Rajeev Singh, Managing Director at BenQ India & South Asia, urges professionals to understand the larger organisational objective and involve managers early — defining the problem and offering possibilities rather than arriving with finished proposals.
In hybrid, dispersed teams, employees no longer absorb a manager’s expectations by working alongside them daily — which is why Gaurav Chattur, Co-founder and Managing Director of Catenon Asia Pacific, calls direct conversations about priorities indispensable, warning that alignment cannot be transactional.

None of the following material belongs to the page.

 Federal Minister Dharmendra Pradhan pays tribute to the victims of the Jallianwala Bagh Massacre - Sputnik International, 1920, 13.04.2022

The most provocative view comes from Aditya Chellaram, Executive Director at Featherlite Developers, who argues the practice exists because managers historically controlled information, access and approvals. Information has been democratised; approvals haven’t. “The better question is not how to manage upward more effectively,” he says.
“It is how to get people at lateral positions to start taking ownership.” His argument mirrors a wider trend of companies decentralising decisions, wary that long approval chains delay innovation.
Solving problems
HBR studies suggest managers respond far better to ideas framed around shared business outcomes than personal ownership — and the experts agree. Sonica Aron, Founder and Managing Partner of Marching Sheep, believes managers rarely reject ideas because they come from juniors; they struggle with suggestions that arrive half-thought. “Be the person who helps people think more clearly,” she says.

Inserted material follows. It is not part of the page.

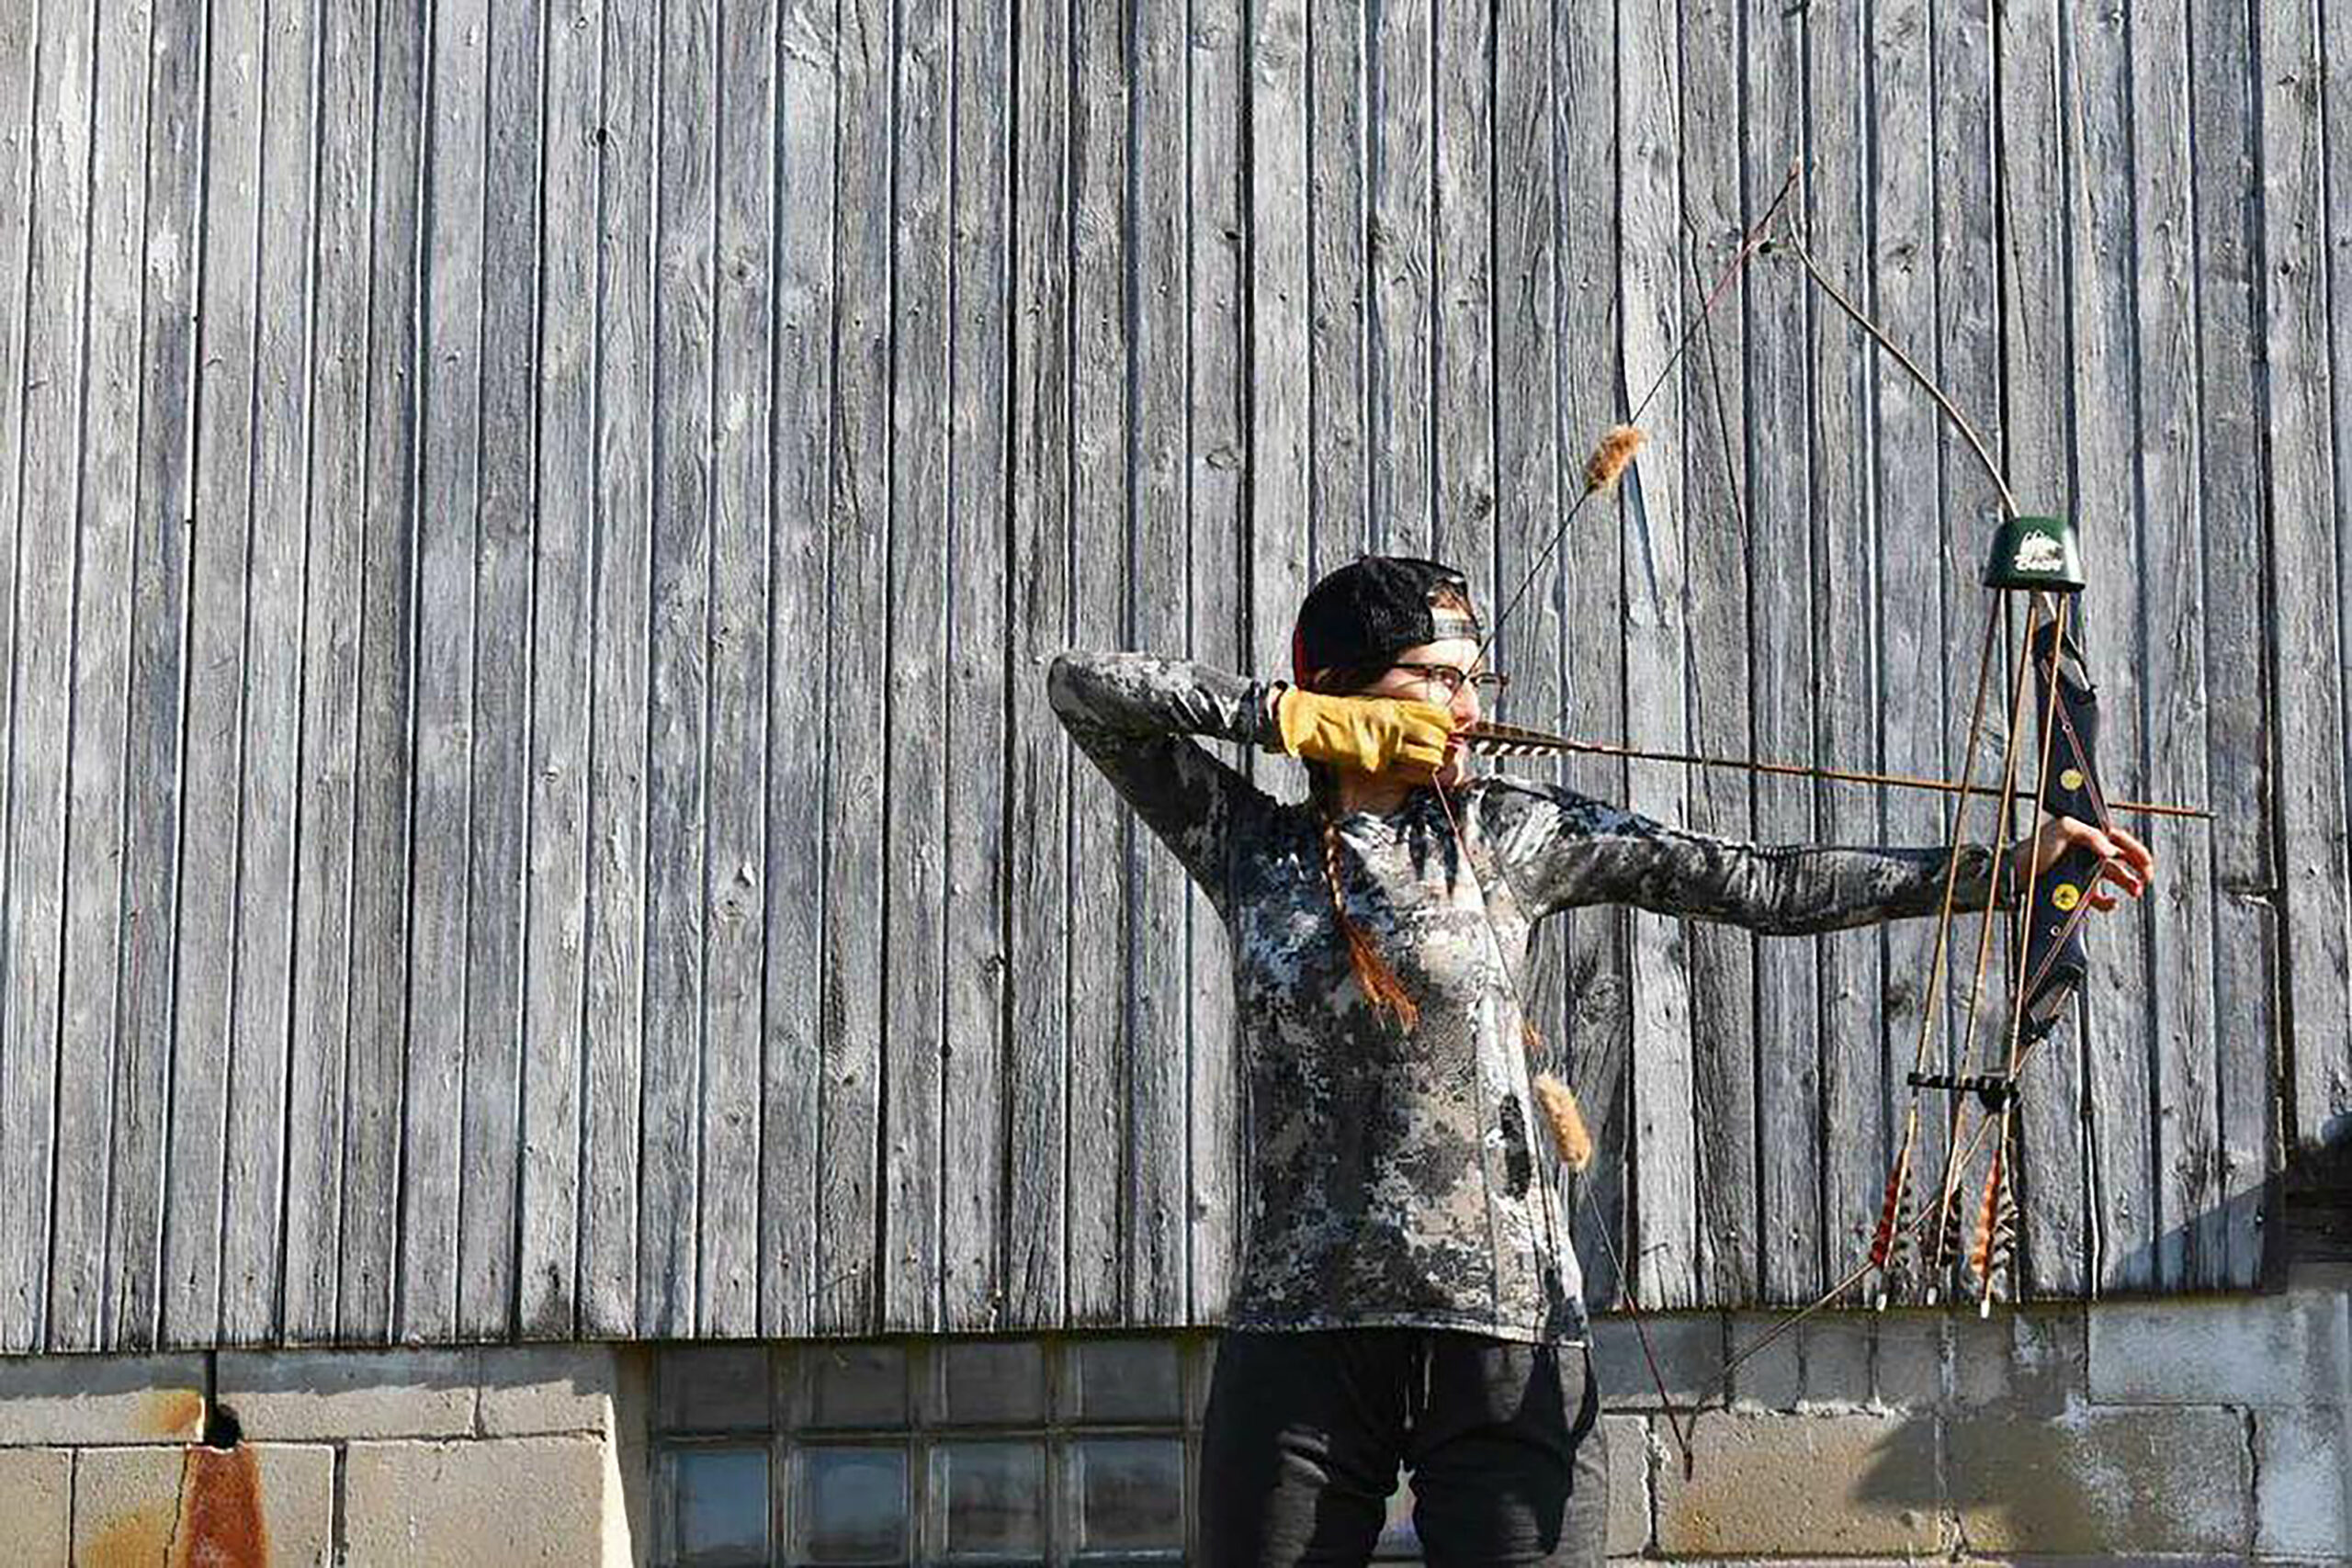 A female archer draws a traditional recurve bow in front of a wooden barn .

Ravi Agarwal, Co-Founder and Managing Director of Cellecor Gadgets Ltd., wants recommendations grounded in facts and business impact, while Kumar Rajagopalan, Vice President, Strategic Initiatives and Country Head India at Dexian, prescribes curiosity over certainty, keeping conversations anchored to customer needs.
Trust is earned
If influence is built through preparation, trust is built through consistency. Amy Edmondson’s research on psychological safety shows organisations decide better when people raise concerns before problems become crises — which is why the experts value proactive over persuasive communication.
Chetna Gogia, Chief Human Resource Officer at GoKwik, believes professionals become indispensable when they reduce a manager’s cognitive load instead of adding to it. “Manipulation hides intent; influence makes it visible,” she says. Kellie Tan, Regional Director – Operations & Hospitality at The Executive Centre, sees trust growing through openness and solution-oriented communication rather than agreement for harmony’s sake, while Vivek Pathak, Founder-Director of NIPS Institute of Hotel Management, reduces credibility to eliminating surprises — flagging delays before being asked, and choosing mature dialogue over silence from juniors or ego from seniors. Sana Raees Khan, Founder of SRK Legal and Supreme Court lawyer, adds a governance lens: upward communication must stay rooted in facts and organisational interest, never emotion or personal criticism.
Shared ownership
Leadership scholars have long observed that people commit more deeply to solutions they helped build. Aron’s advice: worry less about ownership, more about contribution — leave every discussion with a stronger solution than the one that entered the room. Rishabh Agrawal, Founder and Director of Toasty Tales Management, sees this daily in live entertainment, where events involving artists, promoters and vendors leave no room for ego-driven proposals.
Even AI hasn’t changed the fundamentals. Sidhi Baweja, Lead-Marketing at AssessPrep, treats it as a preparation partner, not a substitute for judgement. “AI should create efficiency so you can be deeply human with your leadership,” she says.
Ultimately, managing upward is no longer about navigating hierarchy. No leader today has complete visibility, and no organisation can afford good ideas trapped at the bottom. The professionals who stand out won’t be the loudest voices, they’ll be the ones making leadership clearer, collaboration stronger and decisions better.